With a wealth of information on the web and a library's worth of self-help books, it's becoming easier by the day for consumers to manage their own financial affairs.

But there are times when only professional help will do. Whether you're starting a family, planning for retirement or simply don't have the time to put in all the research needed, a financial adviser can help you avoid potentially expensive mistakes.

Unfortunately, finding an adviser who meets your particular needs is not always straightforward.

There are three types of adviser and it's important to know how each works in order to understand what you're getting.

Advisers in banks and building societies will usually be "tied" and sell you products - life cover, savings or investment funds, say - linked to only one company. But some banks, as well as many advisers who advertise in directories and online, are known as "multi-tied" and will pick products for you from a panel of several specially chosen providers.

Finally, independent financial advisers (IFAs) select products from across the whole market. They tend to be better qualified than their more restricted rivals, and must offer the choice to customers of paying by fee or commission.

In theory, their guidance to consumers is entirely impartial, and oblivious to the size of commission paid by the companies whose products they sell. But the industry has been tarred by mis-selling scandals - if you're wary about paying commission, then opt for an upfront fee instead.

All advisers are duty-bound to explain how they operate but it's worth checking.

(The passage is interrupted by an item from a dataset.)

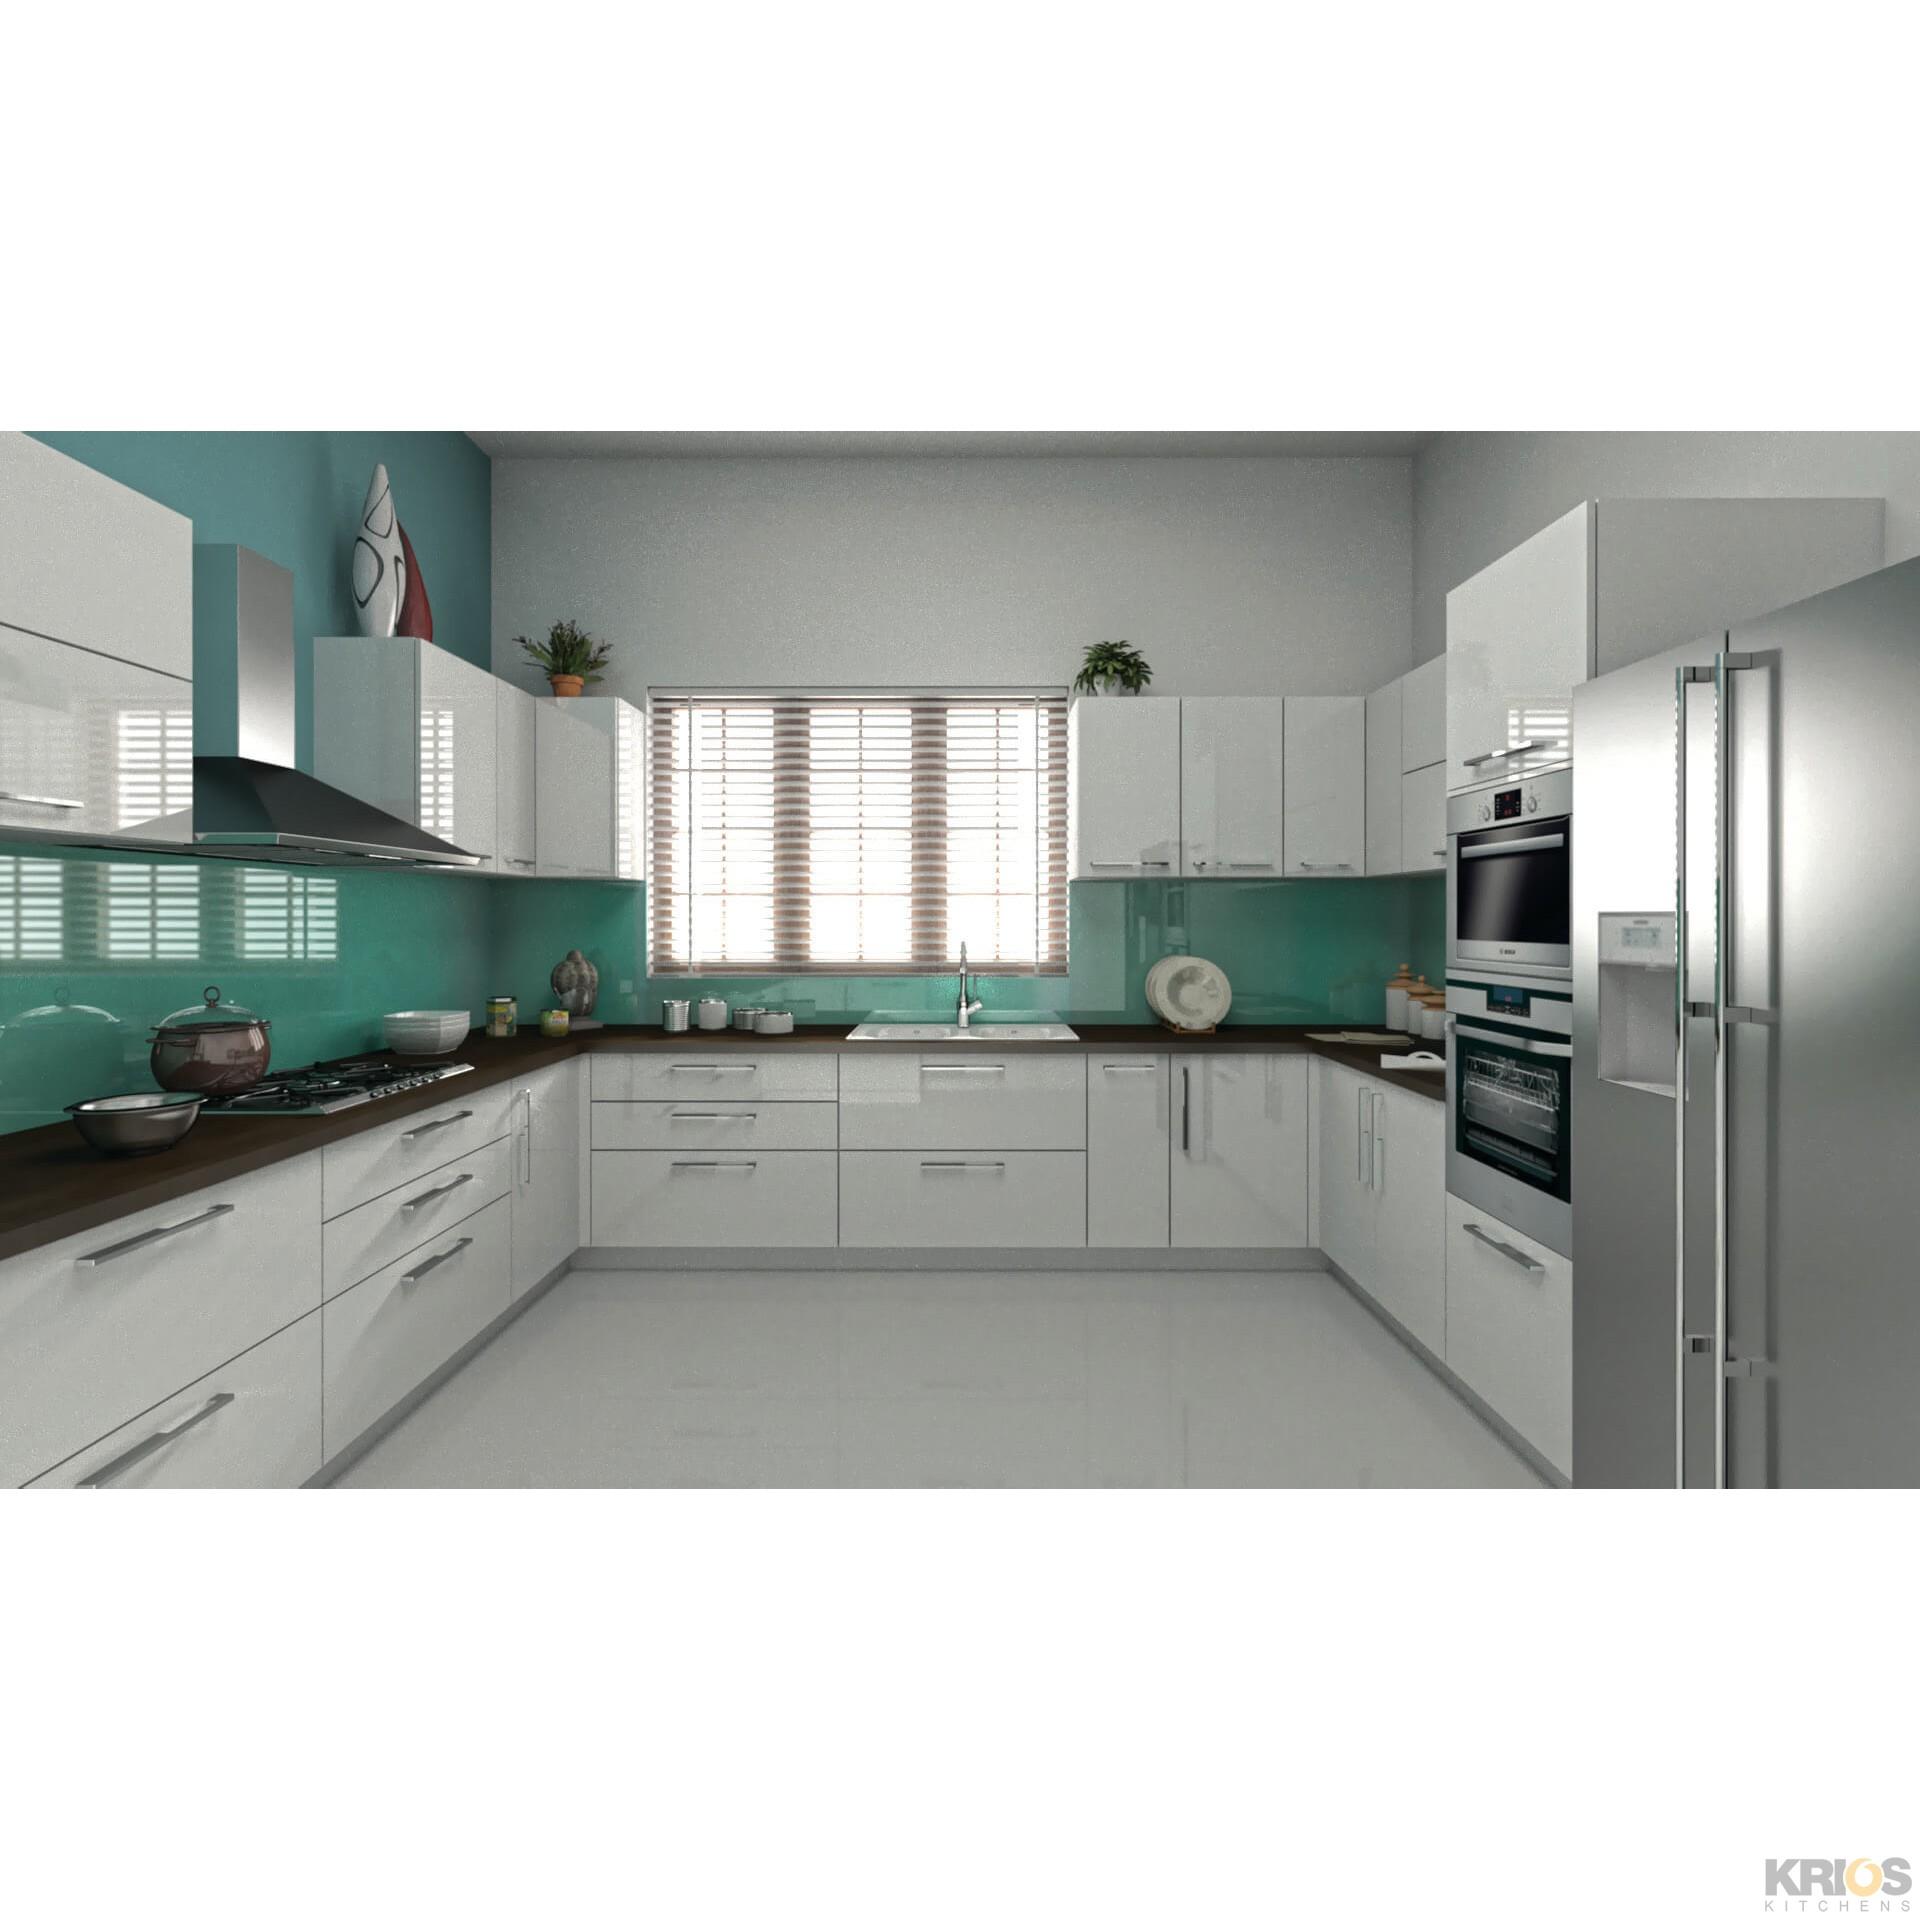 Island Modular Kitchen Designs: Modular Kitchens

For example, many IFAs have switched or sold up to become multi-tied and may not make this clear.

Finding the right type of adviser is the first step. The next is to ask: how good are they?

Start with qualifications. Every adviser must pass the certificate in financial planning (or its predecessor, the financial planning certificate), which gives them a basic grounding.

More importantly, look for letters after the name that show an adviser's willingness to get to the bottom of their subject. Two of the best general IFA qualifications are the chartered financial planner, from the Personal Finance Society (PFS), and the certified financial planner from the Institute of Financial Planning (IFP).

Barely 800 of the UK's 18,000 advisers hold the "chartered" status and another 600 are "certified" - a decent indicator of those advisers who take their own education very seriously.

Tim Eadon, chief executive of the PFS, says consumers should not be shy about demanding details of qualifications.

"Advisers should have passed specialist exams to advise in many areas. If you are going to them about pensions, ask about their pensions qualifications. Customers should say, 'prove to me why I should come to you with my money'."

If you want help on transfers between different pension pots, pension consolidation or buying an annuity, look for the G60 qualification and perhaps also the K20 or CF9.

Any IFA advising on mortgages should have the MAQ or CF6, and those advising on equity release should have passed the CF7. The CF8 is the qualification to look for if you want help on long-term care.

Websites such as www. unbiased.co.uk let you search for advisers in particular areas or with certain qualifications. And try the PFS (www.thepfs.org) or IFP ( www.financialplanning.org.uk), which provide listings for their members.

"Do not ever be in awe of an IFA," says David Elms of marketing body IFAP. "You are paying for that advice."